“I’ll send you up a boy,” promised Miss Janie.

I thanked her. “And now we come to the donkey.”

“Nathaniel,” explained Miss Janie, in answer to her father’s look of enquiry. “We don’t really want it.”

“Janie,” said Mr. St. Leonard in a tone of authority, “I insist upon being honest.”

“I was going to be honest,” retorted Miss Janie, offended.

“My daughter Veronica has given me to understand,” I said, “that if I buy her this donkey it will be, for her, the commencement of a new and better life.
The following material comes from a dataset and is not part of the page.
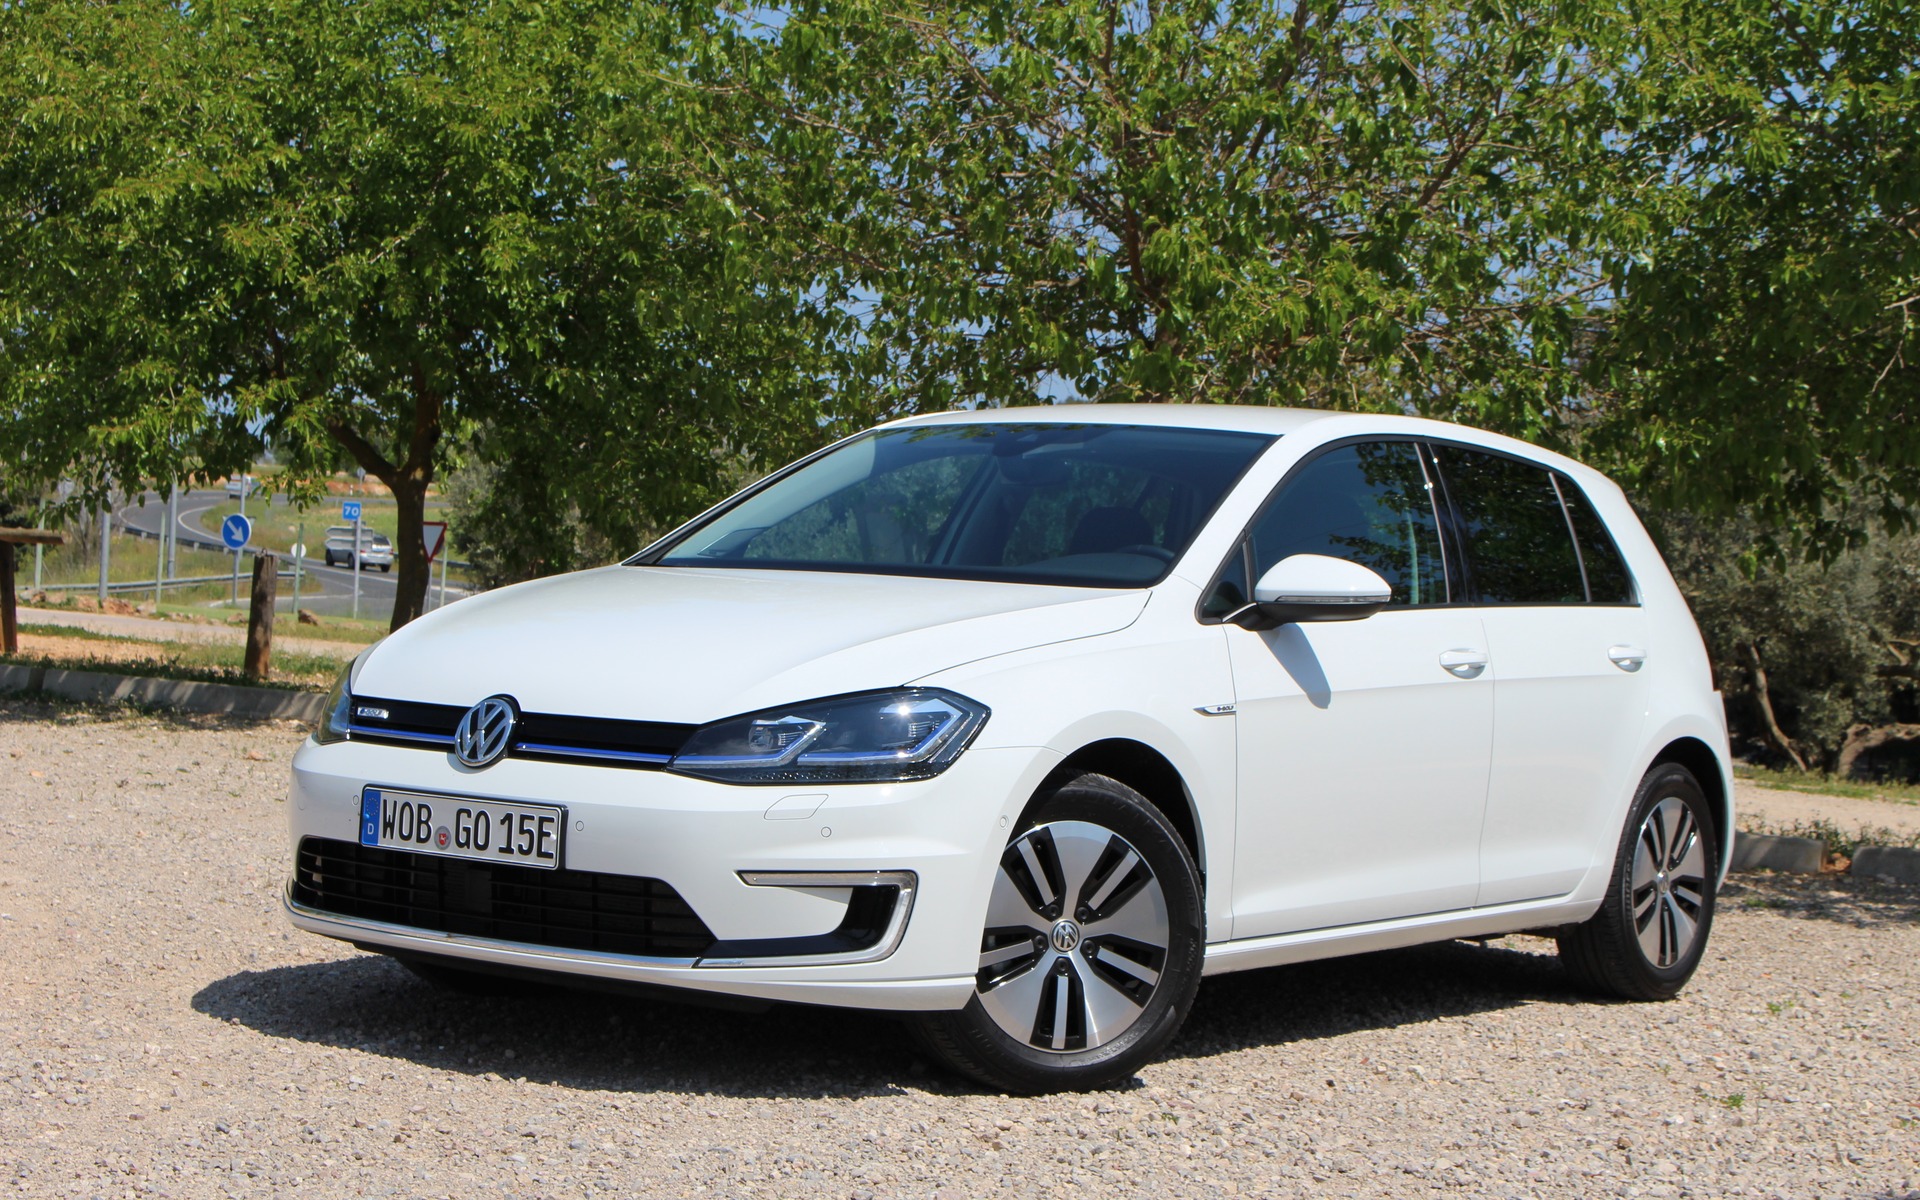 2017 Volkswagen e-Golf: Watch Out, Bolt - The Car Guide
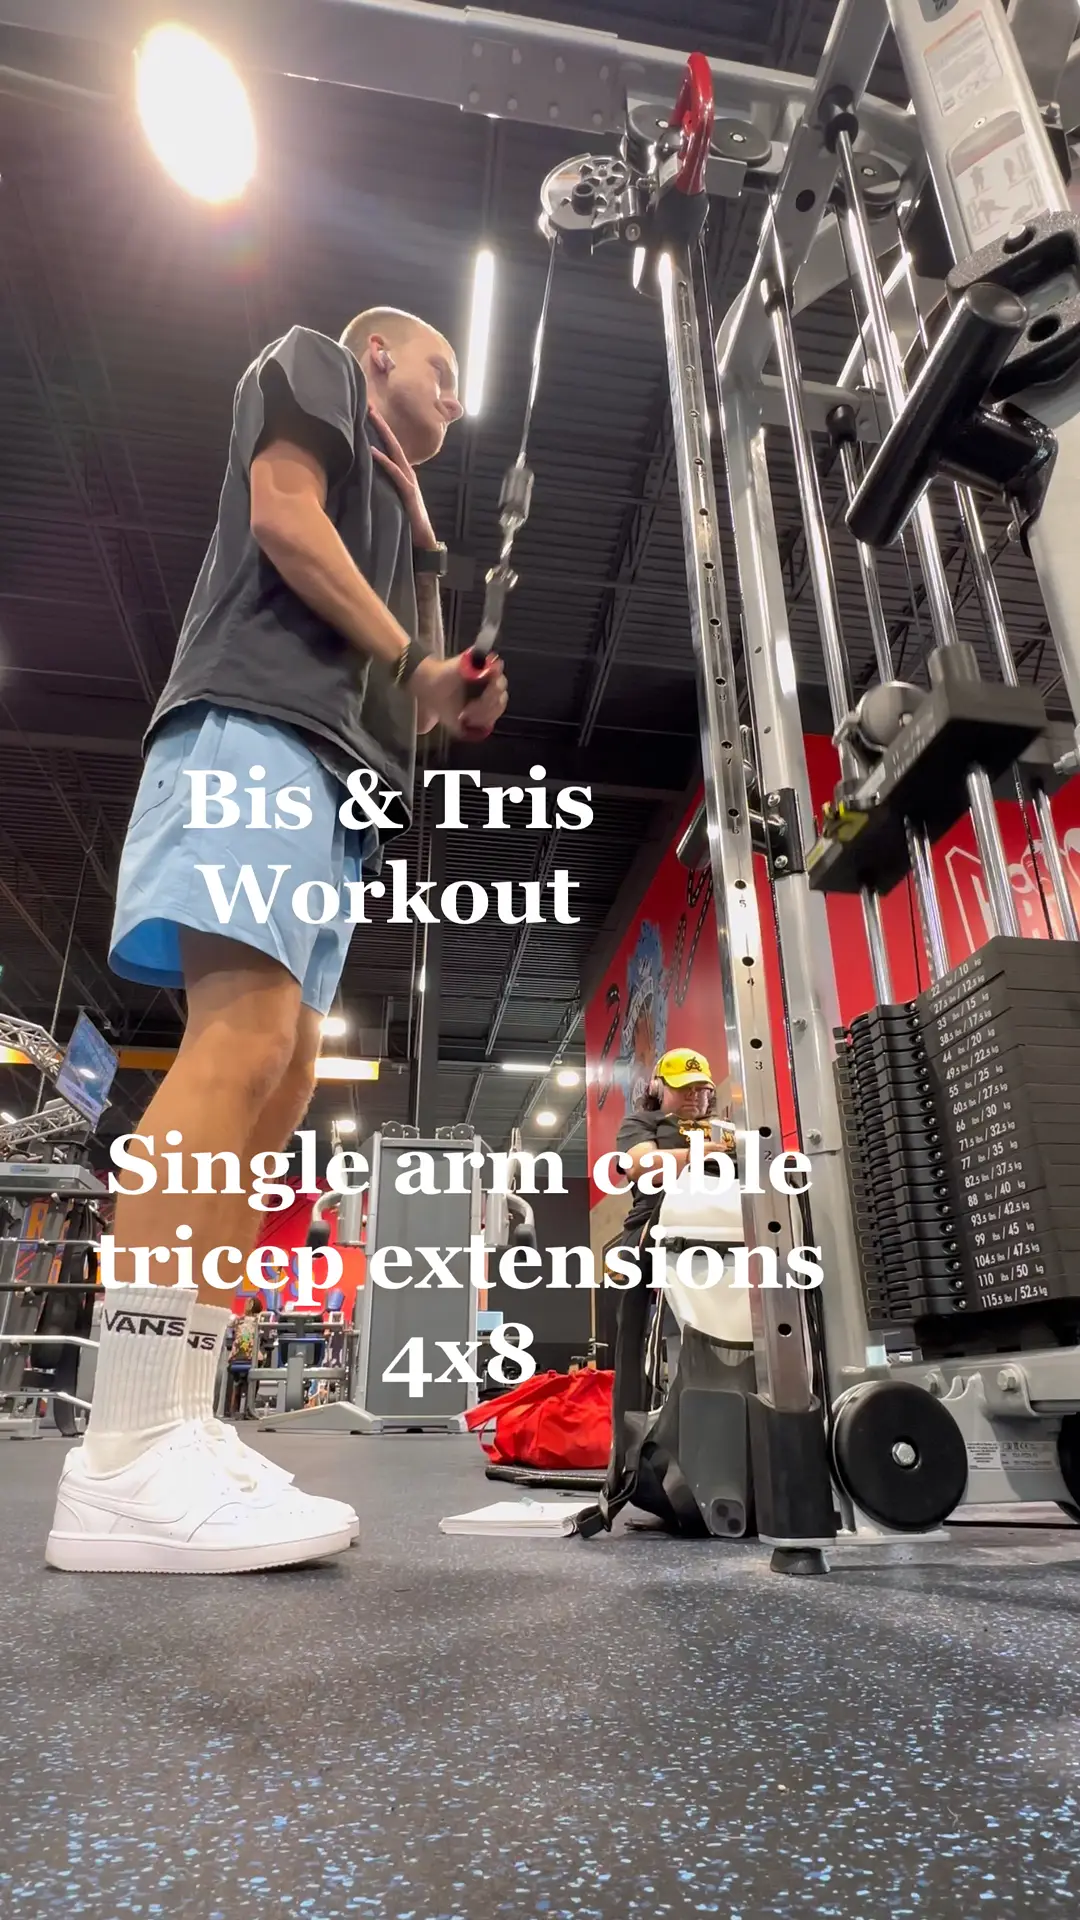 BICEP & TRICEP WORKOUT!!!, Video published by Liam Spencer

I do not attach undue importance to the bargain, but one never knows. The influences that make for reformation in human character are subtle and unexpected. Anyhow, it doesn’t seem right to throw a chance away. Added to which, it has occurred to me that a donkey might be useful in the garden.”

“He has lived at my expense for upwards of two years,” replied St. Leonard. “I cannot myself see any moral improvement he has brought into my family. What effect he may have upon your children, I cannot say. But when you talk about his being useful in a garden—”

“He draws a cart,” interrupted Miss Janie.

“So long as someone walks beside him feeding him with carrots. We tried fixing the carrot on a pole six inches beyond his reach. That works all right in the picture: it starts this donkey kicking.”

“You know yourself,” he continued with growing indignation, “the very last time your mother took him out she used up all her carrots getting there, with the result that he and the cart had to be hauled home behind a trolley.”